Compound 12 (2) 12657 mg of this compound was dissolved in 15 ml of methanol, and 404 mg of 1.0% palladium on carbon and 0.1 ml of trifluoroacetic acid were added thereto for catalytic reduction. After 24 hours, the catalyst is filtered off, the solvent is distilled off under reduced pressure, and the residue obtained is subjected to silica gel column chromatography (chloroform-form-methanol-concentrated aqueous ammonia (100: 3: 0.1)). 396 mg (yield 67) of N-isopropyl-de (N-methyl) -1-12-0-methyl-18,9-anhydrodreroerythromycin A 6,9-hemiketal (compound 13) %).

Compound 13 [Example 6]

 (1) De (N-methyl) -1 11-0-benzyl-1 12-0-methyl-8,9-anhydroerythromycin A 6.9- Dissolve 130 mg of miketal (compound 6) in 3 ml of methanol and add cyclopentanone. 0.01 ml and sodium cyanoborohydride 24 mg were added, and the mixture was stirred at room temperature for 23 hours. The solvent was distilled off under reduced pressure, water was added, and the mixture was extracted with dichloromethane. The extract was washed with saturated saline and dried over anhydrous sodium sulfate, and the solvent was distilled off under reduced pressure. The residue was purified by column chromatography on silica gel (Cross-form-methanol (250: 1)) to give N-cyclopentylide (N-methyl) -1 11-0-benzyl-1 12-0- There was obtained 12 Omg (85% yield) of white powder of methyl 1,8,9-anhydrohydroerythromycin A 6,9-hemiketal (compound 14).

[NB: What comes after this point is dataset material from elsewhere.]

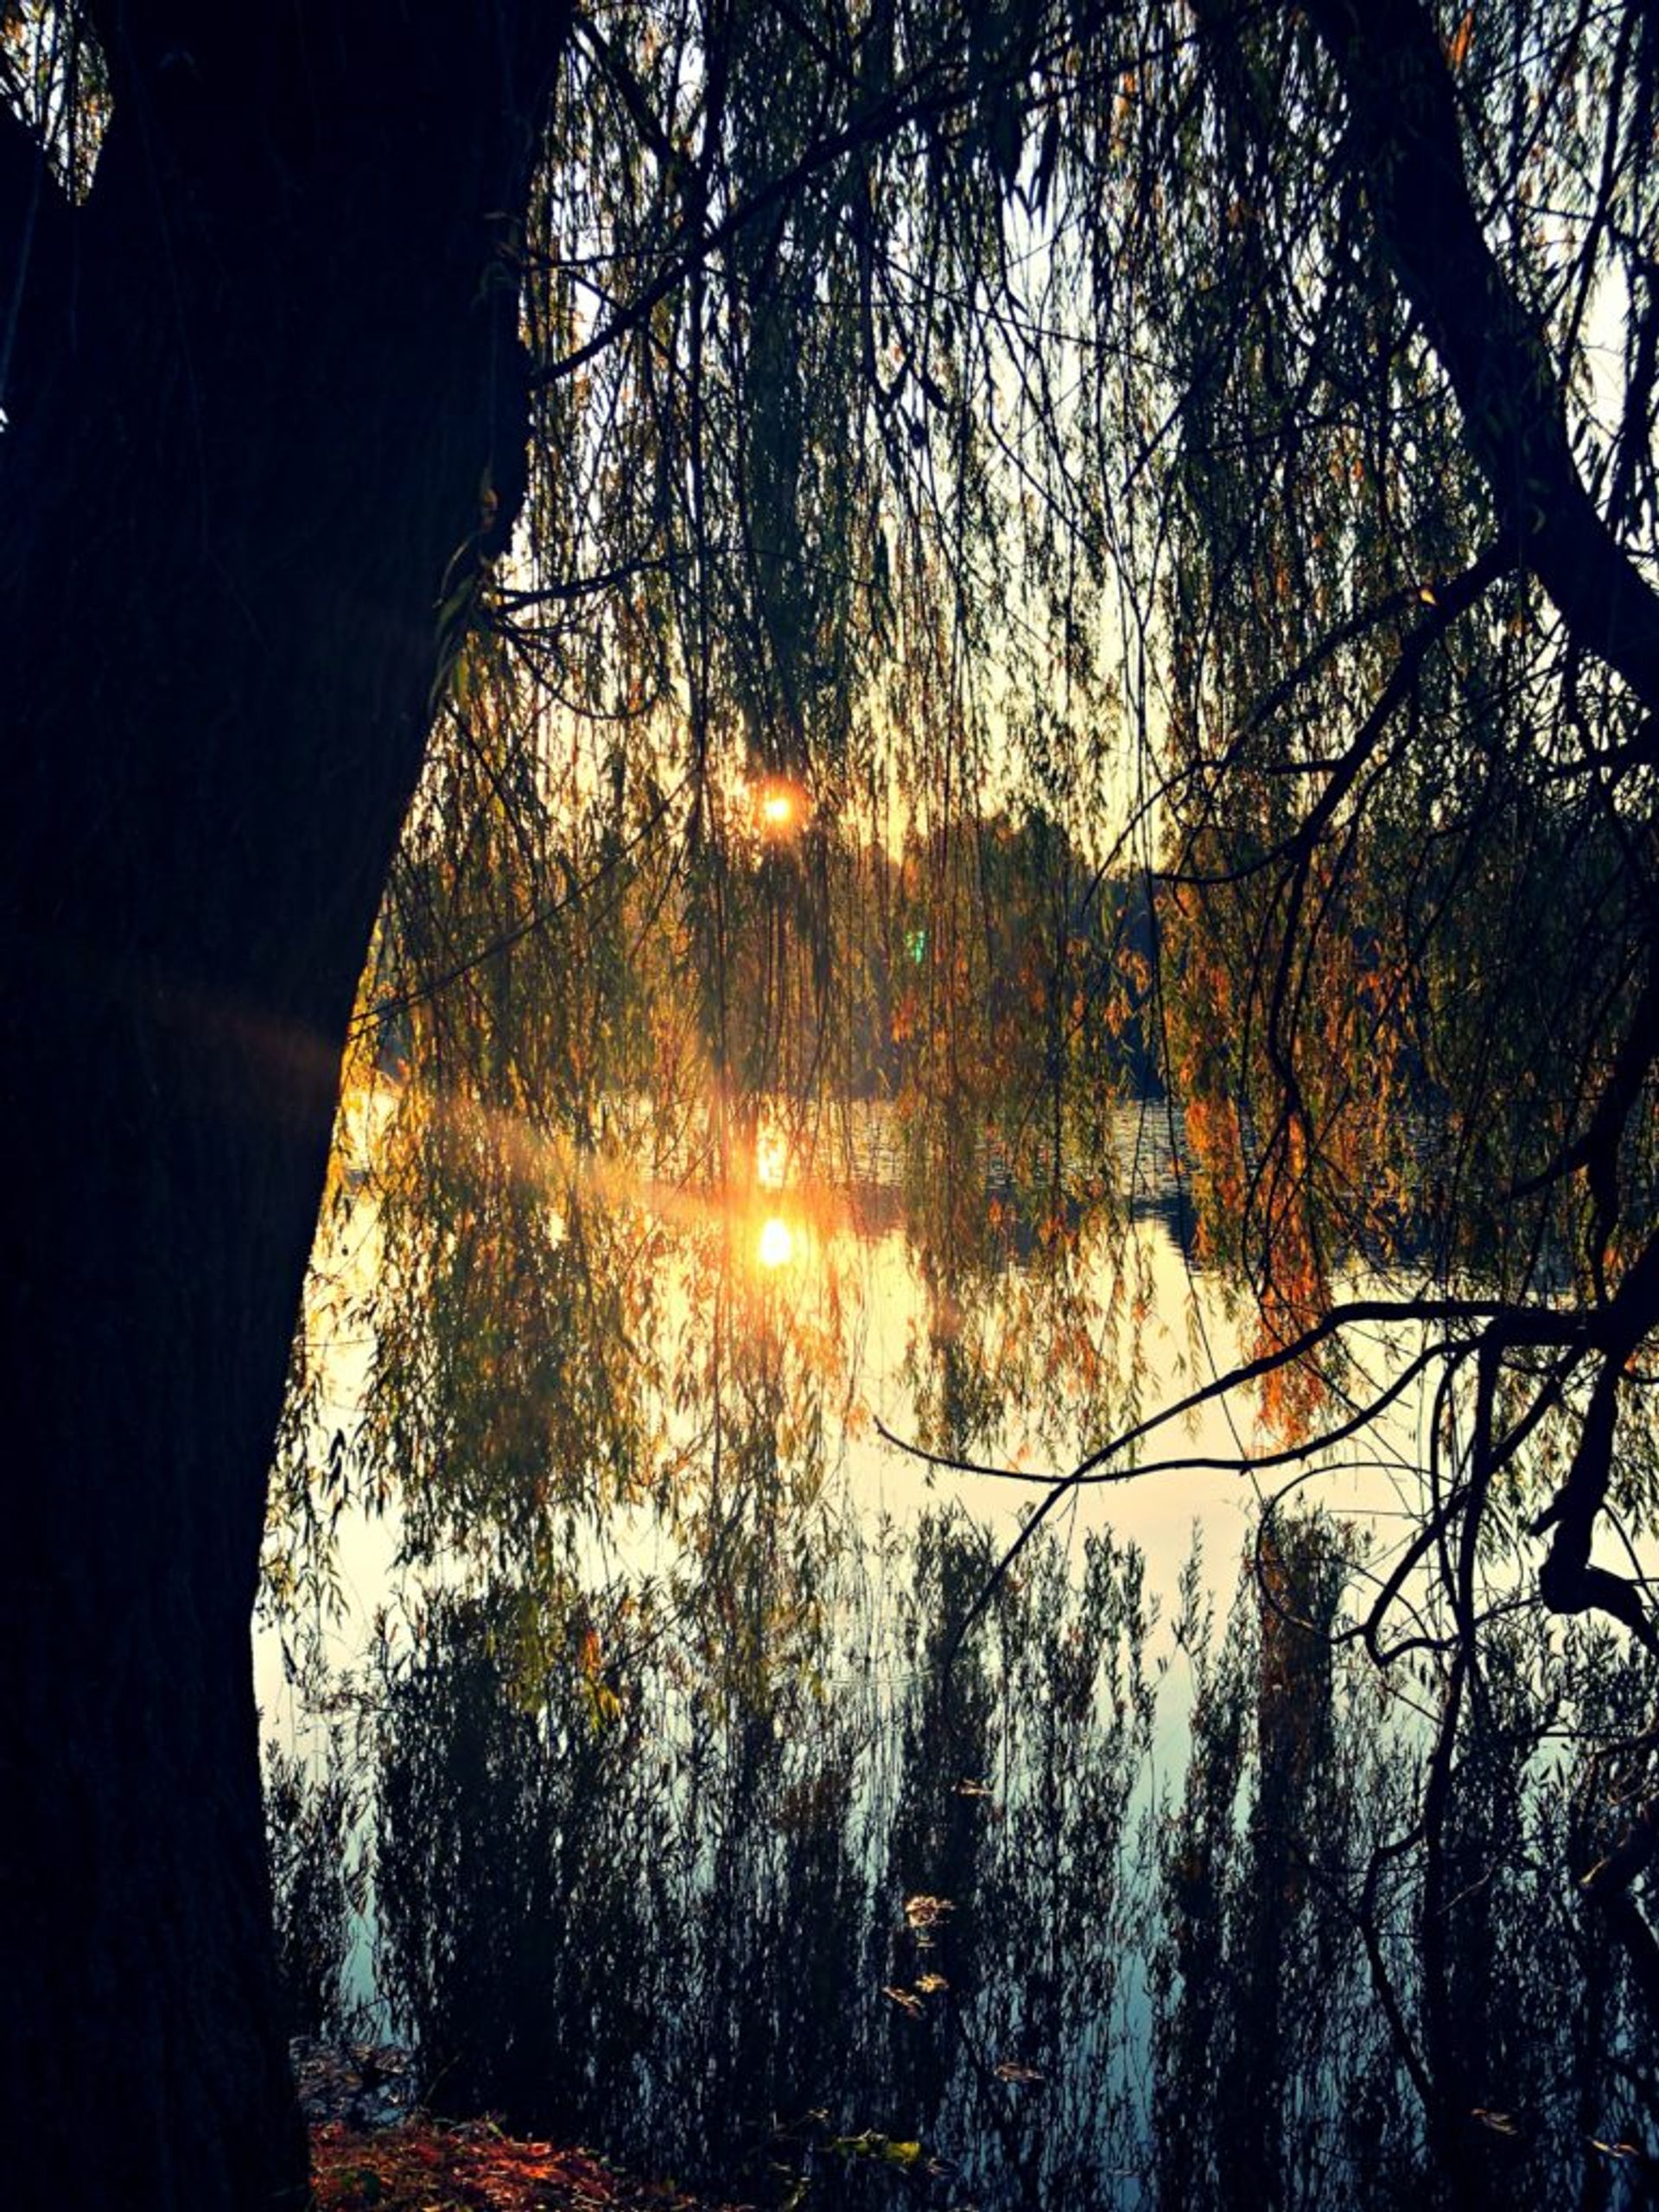 Sun shining on a lake.

(2) Dissolve 20 mg of this compound in 5 ml of methanol, 24 mg of 10% palladium on carbon, and 0.3% of trifluoroacetic acid. 026 ml was added for catalytic reduction. The catalyst was removed by filtration, the solvent was distilled off under reduced pressure, and the residue obtained was added to chloroform.The residue was washed with saturated aqueous sodium hydrogen carbonate solution and brine, dried over anhydrous sodium sulfate, and then the solvent was removed under reduced pressure. Was distilled off. The residue was purified by silica gel column chromatography (chloroform / methanol / concentrated aqueous ammonia (150: 1: 0.1)), and N-cyclopentylide (N-methyl) -12-0-methyl-8,9 — 53 mg (yield 49%) of white powder of anhydroerythromycin A 6,9-hemiketal (compound 15) was obtained.

[Example 7]

(1) De (N-methyl) -1-11-0-benzyl-1-12-0-methyl-1,8-anhydroerythromycin A 6,9- Dissolve 130 mg of miketal (compound 6) in 3 ml of methanol and diisopropylate. 0.28 ml of tilamine and 0.64 ml of 1-propane were added, and the mixture was stirred at 50 ° C for 22 hours. The solvent was distilled off under reduced pressure. After washing with an aqueous solution of sodium hydrogen oxyate and a saturated saline solution and drying over anhydrous sodium sulfate, the solvent was distilled off under reduced pressure. The residue was purified by silica gel column chromatography (formula methanol (300: 1)) to give N-propyl- (N-methyl) _1 1-0-benzyl-1 12-0-methyl-1 8,9- There was obtained 11 Omg (81% yield) of white powder of anhydrodrerithromycin A 6,9-hemiketal (compound 16).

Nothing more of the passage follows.